*Task to complete:* Beginning at the line containing "Sakura Wars 2" in the material below and ending at the line containing "AFA Wealth Architecture Process 123", return each line exactly and add nothing.

*Data:*
>>>

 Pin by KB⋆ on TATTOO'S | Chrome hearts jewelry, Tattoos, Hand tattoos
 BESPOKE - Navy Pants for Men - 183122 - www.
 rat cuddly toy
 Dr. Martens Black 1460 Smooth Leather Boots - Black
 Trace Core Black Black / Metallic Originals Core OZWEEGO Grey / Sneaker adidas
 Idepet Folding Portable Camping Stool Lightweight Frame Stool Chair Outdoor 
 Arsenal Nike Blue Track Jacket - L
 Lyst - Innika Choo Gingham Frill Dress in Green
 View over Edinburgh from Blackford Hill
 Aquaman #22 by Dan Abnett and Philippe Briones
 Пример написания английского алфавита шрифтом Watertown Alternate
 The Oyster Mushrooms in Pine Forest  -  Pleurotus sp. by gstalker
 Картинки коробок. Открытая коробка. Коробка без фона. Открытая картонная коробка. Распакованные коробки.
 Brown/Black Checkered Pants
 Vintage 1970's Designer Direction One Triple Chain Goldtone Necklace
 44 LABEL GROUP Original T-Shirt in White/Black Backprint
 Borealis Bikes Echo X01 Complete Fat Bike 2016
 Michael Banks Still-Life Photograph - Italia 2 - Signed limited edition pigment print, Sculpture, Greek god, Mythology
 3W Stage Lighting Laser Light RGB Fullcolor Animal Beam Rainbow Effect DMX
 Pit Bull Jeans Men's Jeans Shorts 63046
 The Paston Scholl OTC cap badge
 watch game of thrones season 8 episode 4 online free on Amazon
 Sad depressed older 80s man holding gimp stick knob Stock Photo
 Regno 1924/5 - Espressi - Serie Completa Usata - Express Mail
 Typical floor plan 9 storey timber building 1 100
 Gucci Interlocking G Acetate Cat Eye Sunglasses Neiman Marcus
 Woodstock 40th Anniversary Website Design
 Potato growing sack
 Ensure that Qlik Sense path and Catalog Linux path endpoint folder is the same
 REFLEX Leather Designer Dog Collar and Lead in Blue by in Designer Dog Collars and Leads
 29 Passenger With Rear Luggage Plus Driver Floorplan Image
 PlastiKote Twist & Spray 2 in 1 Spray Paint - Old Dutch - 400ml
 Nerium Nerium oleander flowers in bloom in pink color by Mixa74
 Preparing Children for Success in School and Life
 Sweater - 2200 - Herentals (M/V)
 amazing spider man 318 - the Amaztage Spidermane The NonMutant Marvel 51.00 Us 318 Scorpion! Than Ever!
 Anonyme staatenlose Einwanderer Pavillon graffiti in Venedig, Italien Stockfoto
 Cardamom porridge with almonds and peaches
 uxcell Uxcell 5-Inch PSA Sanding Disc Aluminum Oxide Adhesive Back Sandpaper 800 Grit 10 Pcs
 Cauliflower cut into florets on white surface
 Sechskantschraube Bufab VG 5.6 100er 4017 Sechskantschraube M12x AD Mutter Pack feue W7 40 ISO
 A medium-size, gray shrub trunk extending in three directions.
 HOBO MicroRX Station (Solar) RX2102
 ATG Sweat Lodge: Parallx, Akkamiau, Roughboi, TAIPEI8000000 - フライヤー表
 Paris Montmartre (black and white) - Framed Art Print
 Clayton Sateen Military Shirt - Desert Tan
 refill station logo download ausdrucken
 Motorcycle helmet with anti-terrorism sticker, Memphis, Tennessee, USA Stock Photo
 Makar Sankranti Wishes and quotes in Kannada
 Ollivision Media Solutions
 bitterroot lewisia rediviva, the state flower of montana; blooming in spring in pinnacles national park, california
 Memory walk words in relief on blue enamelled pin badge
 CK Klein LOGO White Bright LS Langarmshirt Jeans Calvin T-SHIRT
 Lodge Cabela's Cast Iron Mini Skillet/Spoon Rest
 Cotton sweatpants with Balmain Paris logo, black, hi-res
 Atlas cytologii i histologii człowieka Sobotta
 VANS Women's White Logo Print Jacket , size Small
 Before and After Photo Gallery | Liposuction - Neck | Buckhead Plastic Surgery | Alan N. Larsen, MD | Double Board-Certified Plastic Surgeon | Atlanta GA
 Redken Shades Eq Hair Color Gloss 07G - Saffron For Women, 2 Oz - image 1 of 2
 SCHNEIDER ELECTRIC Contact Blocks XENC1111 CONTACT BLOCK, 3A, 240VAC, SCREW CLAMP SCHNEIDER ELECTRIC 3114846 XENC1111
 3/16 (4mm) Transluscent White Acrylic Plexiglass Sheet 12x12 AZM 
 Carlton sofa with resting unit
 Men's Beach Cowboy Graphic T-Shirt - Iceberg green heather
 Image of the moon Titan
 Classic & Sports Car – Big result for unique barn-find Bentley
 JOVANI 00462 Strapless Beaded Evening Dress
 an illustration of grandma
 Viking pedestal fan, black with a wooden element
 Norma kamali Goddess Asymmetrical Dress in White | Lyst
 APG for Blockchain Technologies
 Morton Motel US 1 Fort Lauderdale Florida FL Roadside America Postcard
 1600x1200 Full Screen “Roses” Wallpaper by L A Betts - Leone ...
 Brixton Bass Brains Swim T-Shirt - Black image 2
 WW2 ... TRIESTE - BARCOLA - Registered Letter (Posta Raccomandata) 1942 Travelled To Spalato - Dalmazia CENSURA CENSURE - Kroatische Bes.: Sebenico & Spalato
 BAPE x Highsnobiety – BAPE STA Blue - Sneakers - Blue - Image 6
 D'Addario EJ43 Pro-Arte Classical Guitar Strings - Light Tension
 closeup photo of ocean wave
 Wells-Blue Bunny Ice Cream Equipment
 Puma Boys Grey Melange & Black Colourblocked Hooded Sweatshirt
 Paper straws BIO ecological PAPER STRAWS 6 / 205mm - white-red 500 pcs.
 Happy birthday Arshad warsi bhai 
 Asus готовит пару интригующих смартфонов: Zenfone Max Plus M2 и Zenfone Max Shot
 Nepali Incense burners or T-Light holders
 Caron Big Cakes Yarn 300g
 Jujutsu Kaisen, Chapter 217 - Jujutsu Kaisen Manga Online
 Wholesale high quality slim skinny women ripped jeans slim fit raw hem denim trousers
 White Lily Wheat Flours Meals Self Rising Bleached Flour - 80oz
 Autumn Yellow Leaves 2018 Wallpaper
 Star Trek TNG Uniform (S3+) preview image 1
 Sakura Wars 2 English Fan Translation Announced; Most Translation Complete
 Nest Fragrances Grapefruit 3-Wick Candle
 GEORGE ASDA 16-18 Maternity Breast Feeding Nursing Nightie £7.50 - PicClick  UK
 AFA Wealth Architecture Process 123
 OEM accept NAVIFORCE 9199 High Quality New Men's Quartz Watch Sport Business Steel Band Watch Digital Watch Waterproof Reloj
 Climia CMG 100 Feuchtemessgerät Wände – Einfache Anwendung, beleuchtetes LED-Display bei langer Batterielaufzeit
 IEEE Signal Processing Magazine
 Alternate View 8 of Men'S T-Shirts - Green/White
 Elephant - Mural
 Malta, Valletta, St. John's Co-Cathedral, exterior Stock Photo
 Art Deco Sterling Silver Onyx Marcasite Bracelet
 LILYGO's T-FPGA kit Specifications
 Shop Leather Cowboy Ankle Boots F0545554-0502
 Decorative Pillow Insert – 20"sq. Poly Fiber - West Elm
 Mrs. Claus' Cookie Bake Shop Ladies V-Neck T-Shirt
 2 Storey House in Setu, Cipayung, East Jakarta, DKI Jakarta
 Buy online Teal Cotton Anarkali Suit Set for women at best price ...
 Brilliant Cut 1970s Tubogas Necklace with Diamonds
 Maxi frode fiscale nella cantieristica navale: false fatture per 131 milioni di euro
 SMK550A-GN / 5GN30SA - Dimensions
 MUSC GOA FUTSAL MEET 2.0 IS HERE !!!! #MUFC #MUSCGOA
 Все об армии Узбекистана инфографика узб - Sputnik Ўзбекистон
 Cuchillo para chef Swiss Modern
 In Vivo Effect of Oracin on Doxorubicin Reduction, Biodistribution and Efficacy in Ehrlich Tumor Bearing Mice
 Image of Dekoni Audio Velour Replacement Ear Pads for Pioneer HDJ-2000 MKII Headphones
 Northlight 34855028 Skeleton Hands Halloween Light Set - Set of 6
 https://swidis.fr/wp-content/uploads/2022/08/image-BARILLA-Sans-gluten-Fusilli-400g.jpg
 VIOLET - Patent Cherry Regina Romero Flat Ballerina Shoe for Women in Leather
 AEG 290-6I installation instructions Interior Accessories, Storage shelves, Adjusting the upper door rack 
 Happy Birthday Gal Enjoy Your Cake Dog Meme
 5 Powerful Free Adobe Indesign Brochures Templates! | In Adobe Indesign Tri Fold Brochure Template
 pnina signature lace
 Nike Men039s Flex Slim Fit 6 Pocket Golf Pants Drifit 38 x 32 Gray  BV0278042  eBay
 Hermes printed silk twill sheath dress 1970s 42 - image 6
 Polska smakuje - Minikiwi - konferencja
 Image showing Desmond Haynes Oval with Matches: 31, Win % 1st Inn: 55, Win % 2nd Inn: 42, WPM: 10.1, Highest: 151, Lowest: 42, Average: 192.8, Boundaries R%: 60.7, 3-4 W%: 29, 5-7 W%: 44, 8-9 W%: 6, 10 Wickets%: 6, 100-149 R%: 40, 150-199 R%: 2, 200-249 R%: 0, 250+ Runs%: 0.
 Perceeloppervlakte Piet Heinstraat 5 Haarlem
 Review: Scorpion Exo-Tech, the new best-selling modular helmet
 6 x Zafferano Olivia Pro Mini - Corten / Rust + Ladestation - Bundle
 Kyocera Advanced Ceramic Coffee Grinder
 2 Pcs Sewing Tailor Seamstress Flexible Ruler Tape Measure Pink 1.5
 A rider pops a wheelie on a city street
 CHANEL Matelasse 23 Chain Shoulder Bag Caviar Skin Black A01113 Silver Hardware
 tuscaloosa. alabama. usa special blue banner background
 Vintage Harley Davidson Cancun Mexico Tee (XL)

<<<

*Solution to the problem:*
 Sakura Wars 2 English Fan Translation Announced; Most Translation Complete
 Nest Fragrances Grapefruit 3-Wick Candle
 GEORGE ASDA 16-18 Maternity Breast Feeding Nursing Nightie £7.50 - PicClick  UK
 AFA Wealth Architecture Process 123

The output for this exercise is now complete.